* **What is required**:
Transcribe only the lines in the data below falling between the line with "Despite a less-than-perfect" and the line with "pH-dependent control of", including those two lines, and leave out any picture.

* **Record extracts**:
:::

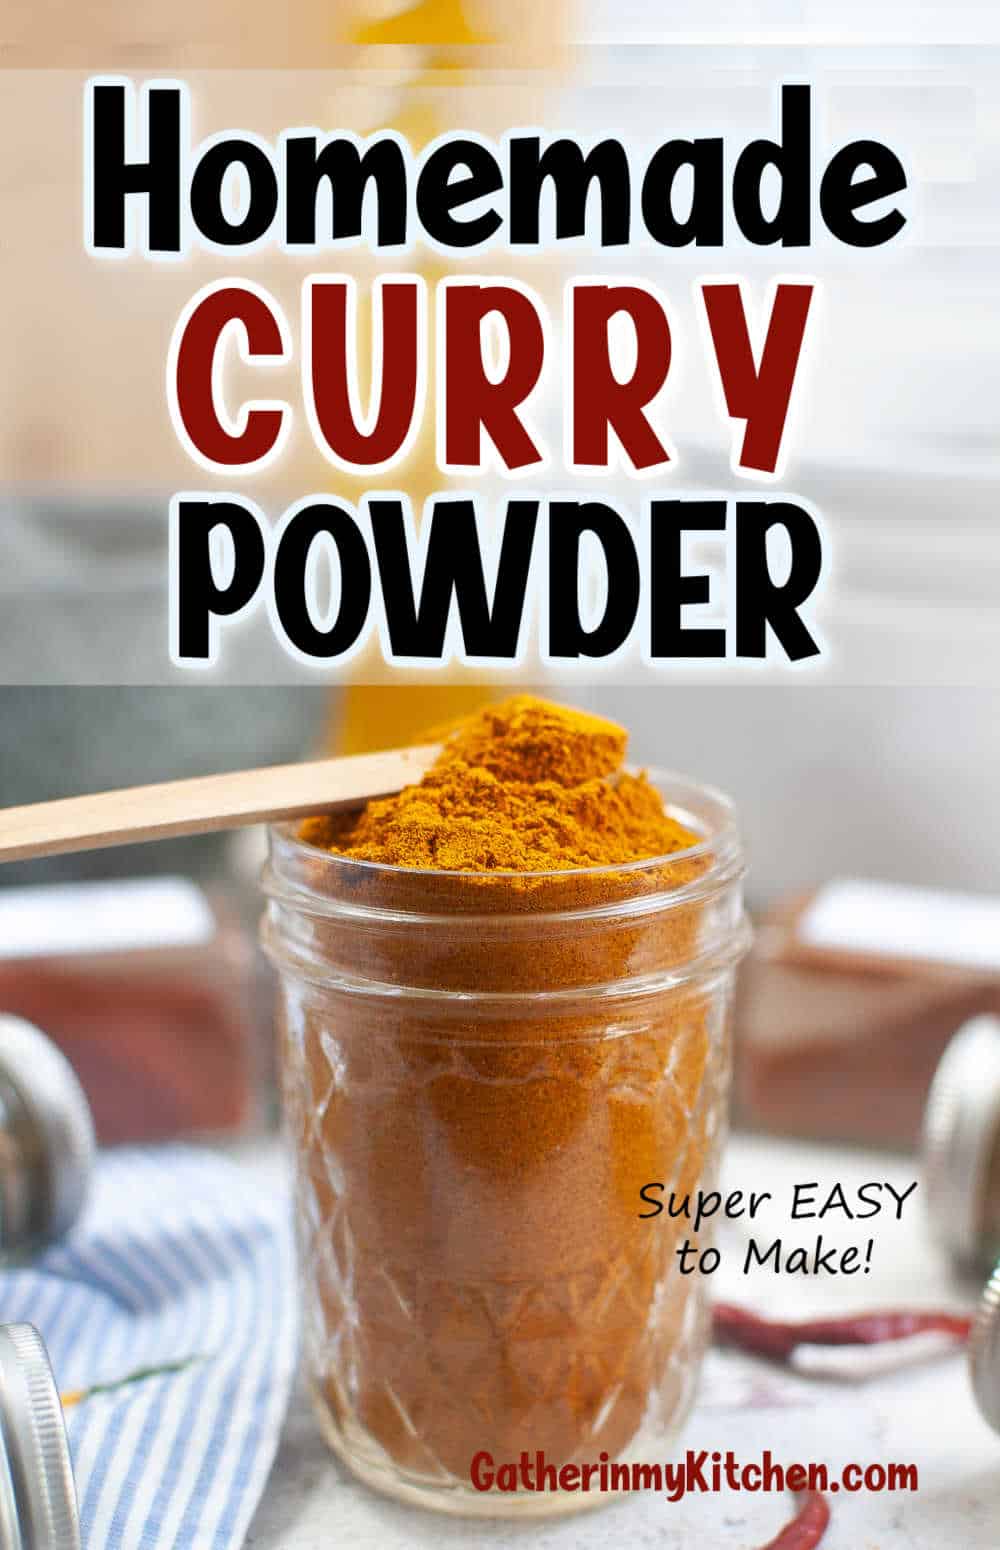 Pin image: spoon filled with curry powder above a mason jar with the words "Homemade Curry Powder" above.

:::

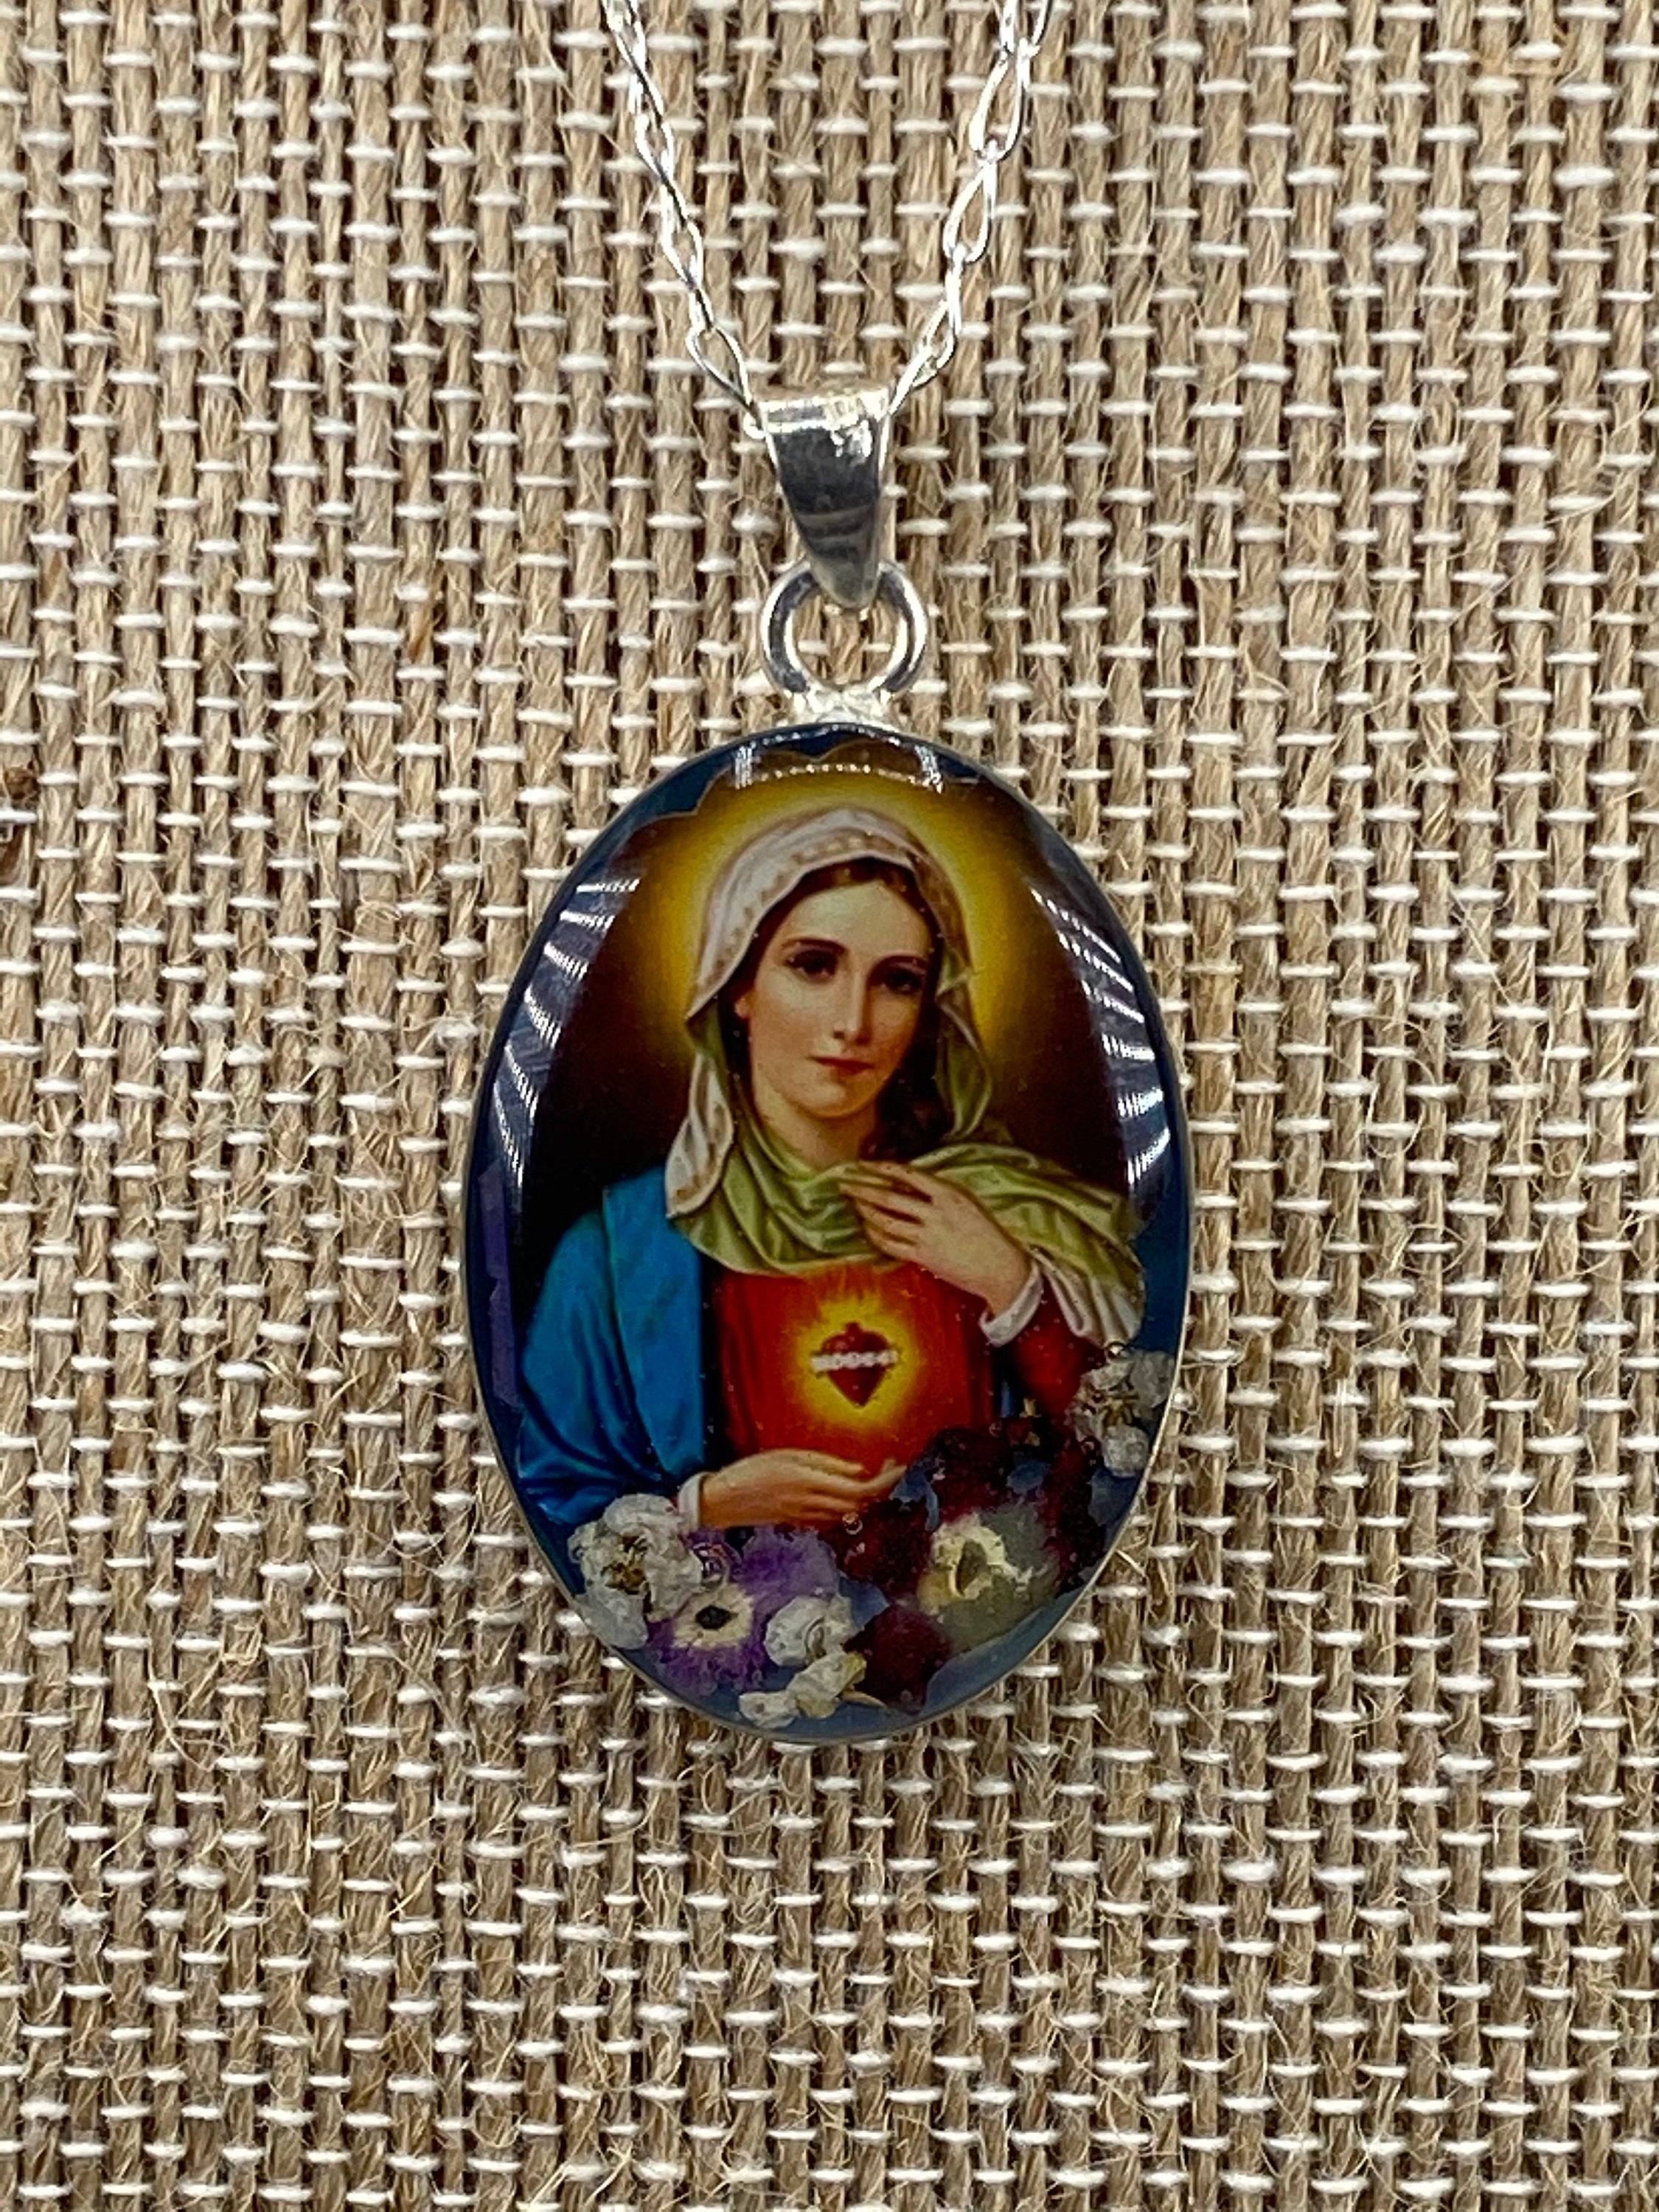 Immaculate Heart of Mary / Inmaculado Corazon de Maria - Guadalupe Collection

:::

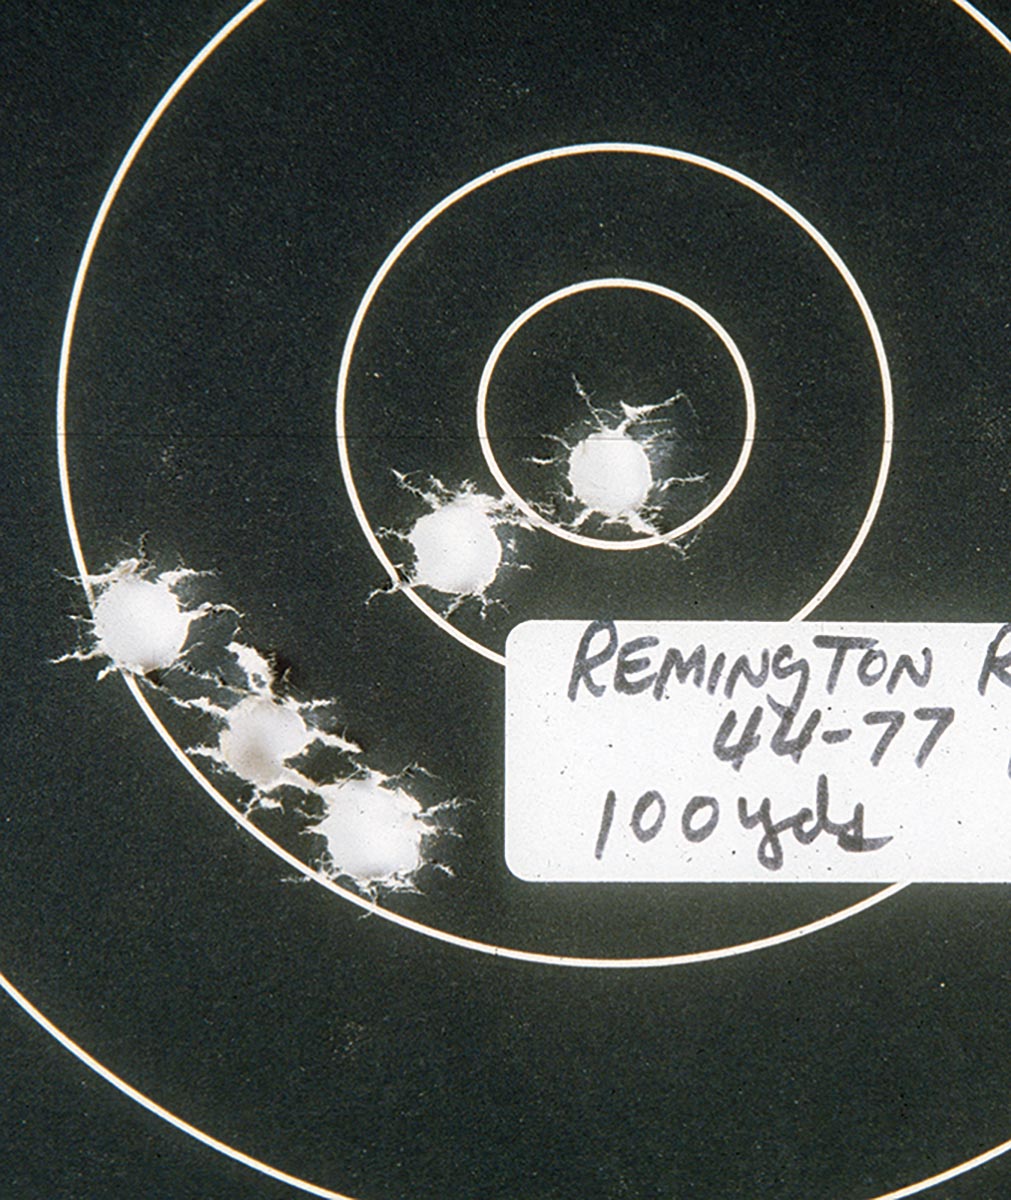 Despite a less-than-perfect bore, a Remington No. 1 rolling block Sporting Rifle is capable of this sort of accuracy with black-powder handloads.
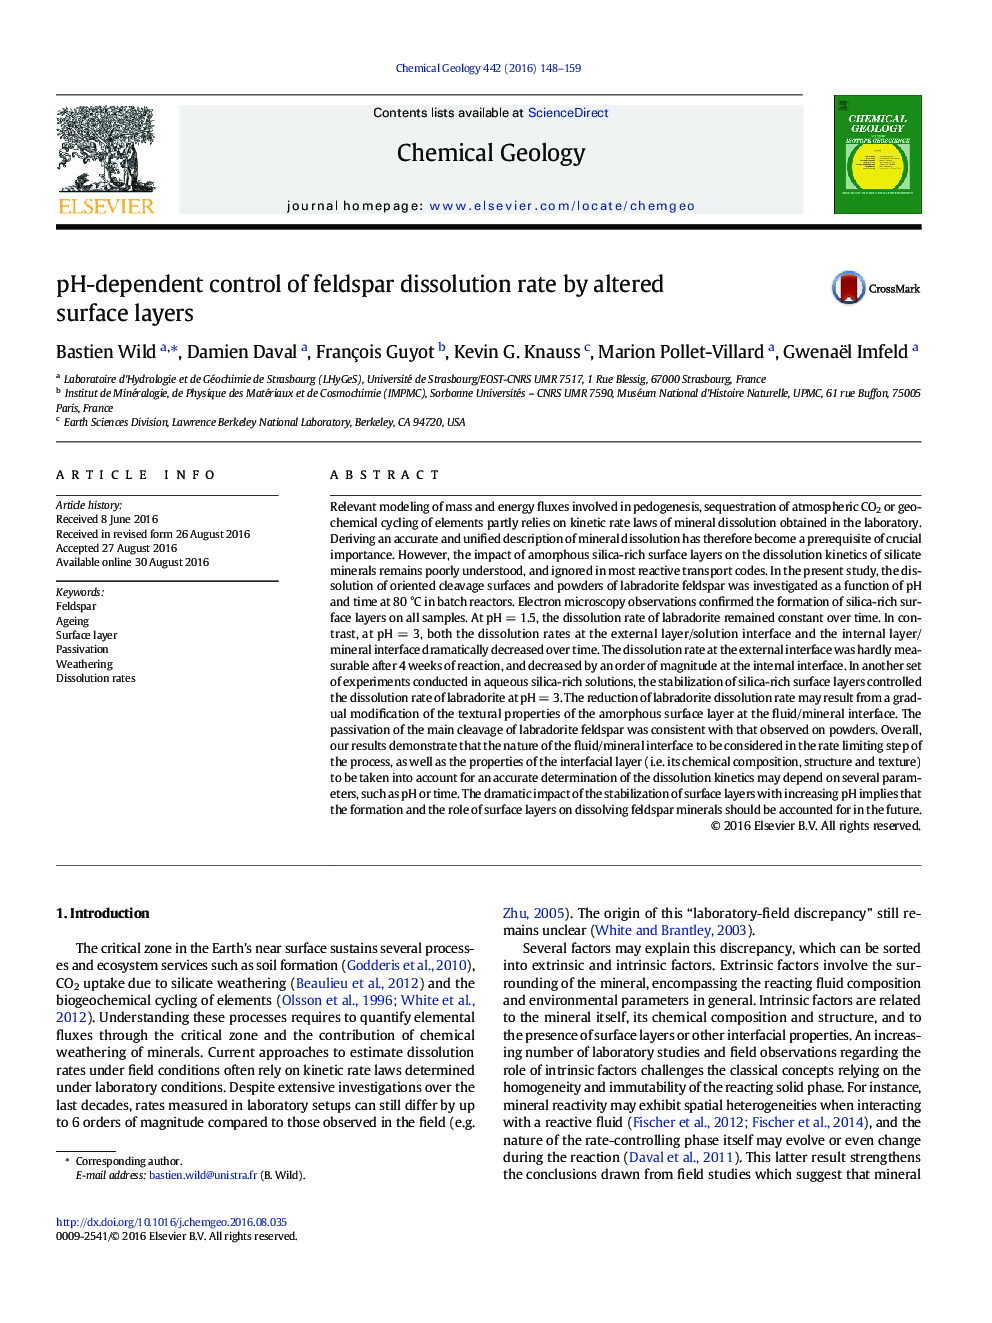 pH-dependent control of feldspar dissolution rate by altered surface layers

:::

* **Solution for this task**:
 Despite a less-than-perfect bore, a Remington No. 1 rolling block Sporting Rifle is capable of this sort of accuracy with black-powder handloads.
 pH-dependent control of feldspar dissolution rate by altered surface layers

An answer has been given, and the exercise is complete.